When fully built, the garden will be one of the largest Chinese gardens outside of China. Designed and built in conjunction with architects and artisans from Seattle and its sister city, Chongqing, the garden will is the first in the United States to authentically represent the Sichuan style. The Garden features Sichuan horticulture and the rock formations inspired by China's Yangtze River gorges. Where possible, its formal halls and pavilions were fabricated in Chongqing using traditional materials and methods, and artisans from China supervised their installation in Seattle.

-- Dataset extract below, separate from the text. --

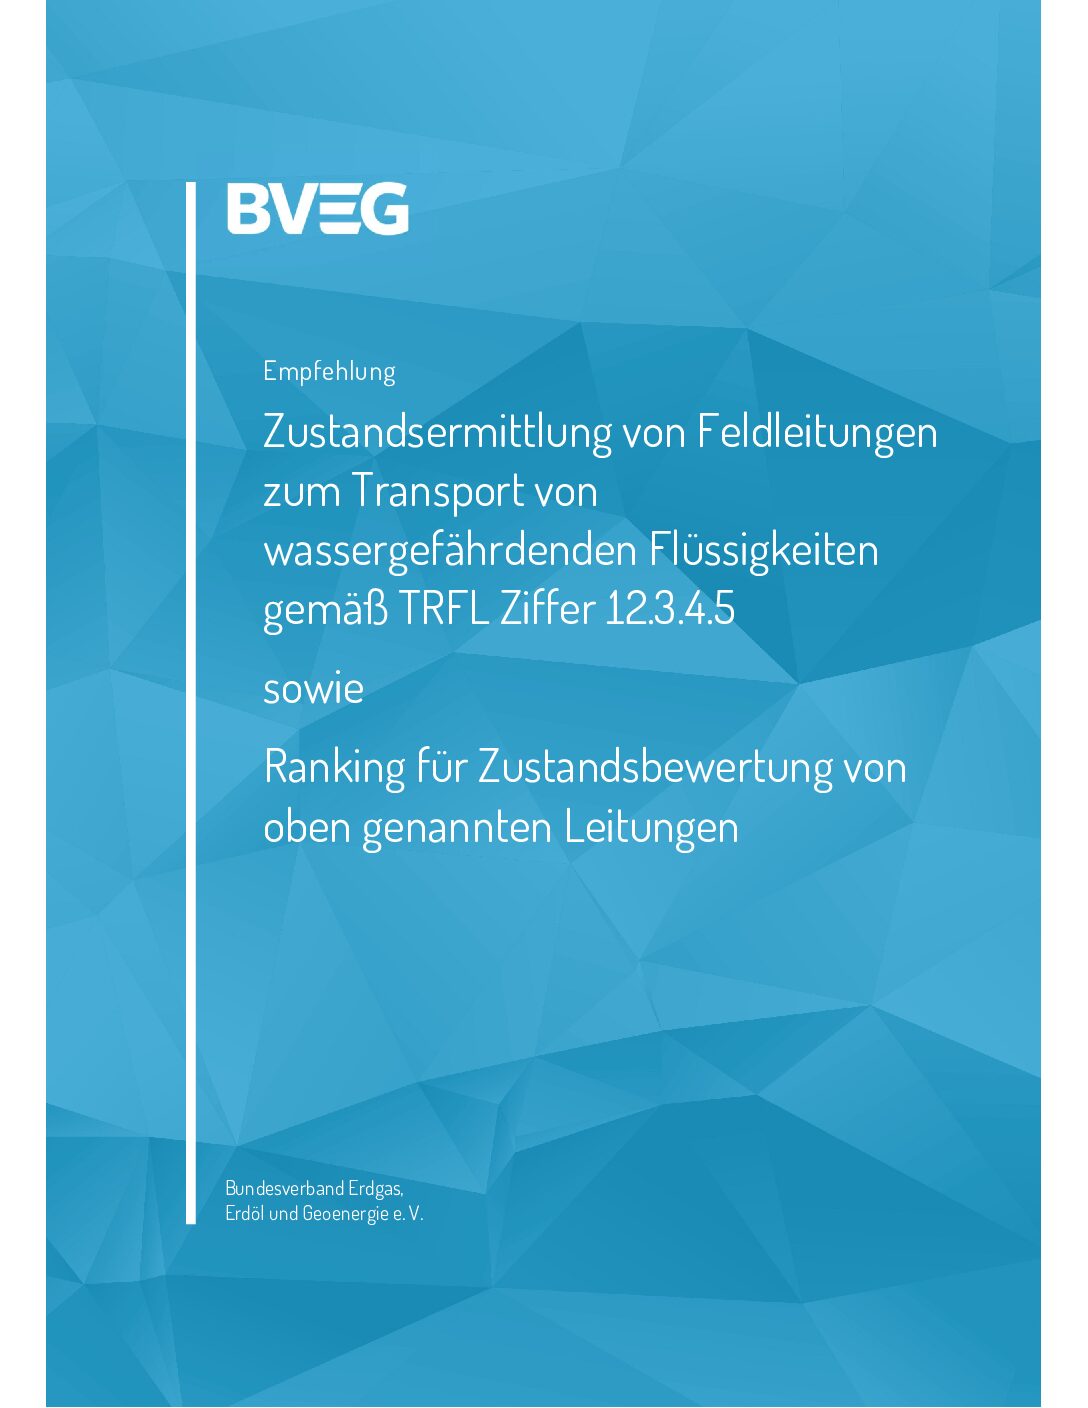 BVEG Leitfaden Ermittlung von Prüffristen an Feldleitungen Transport wassergef. Flüssigkeiten – Ranking Zustandsbewertung

The Garden is being constructed in phases. The first phase, the Pine and Plum Pavilion, was opened in the early 1990s. The "Knowing the Spring Courtyard," the second traditional structure in the Garden, was completed in the fall of 2010 and opened to the public in February 2011. In May 2011 a Grand Opening celebration was held with dignitaries from Seattle and Chongqing attending. Components for this courtyard were fabricated in Chongqing, and assembly performed by Chinese artisans from Chongqing and local contractors. The entire project was expected to be completed in 2017.

The Garden will have a range of Chinese plants and horticultural elements. There will be a palette of Chinese plants placed in an authentic Sichuan landscape design, a collection of Sichuan-style penjing (Chinese bonsai), and classes available in horticultural subjects as well as the Chinese cultural arts.

The Garden will also feature 12 buildings, including an education center and a banquet hall with special event seating for up to 200 people. The Garden's 85 ft "Floating Clouds Pavilion" will soar over the Garden, placed on an axis with the Space Needle. The completed Chongqing Tower, a four-story tier tower, is planned to be completed in 2030 if $30 million in funding is raised.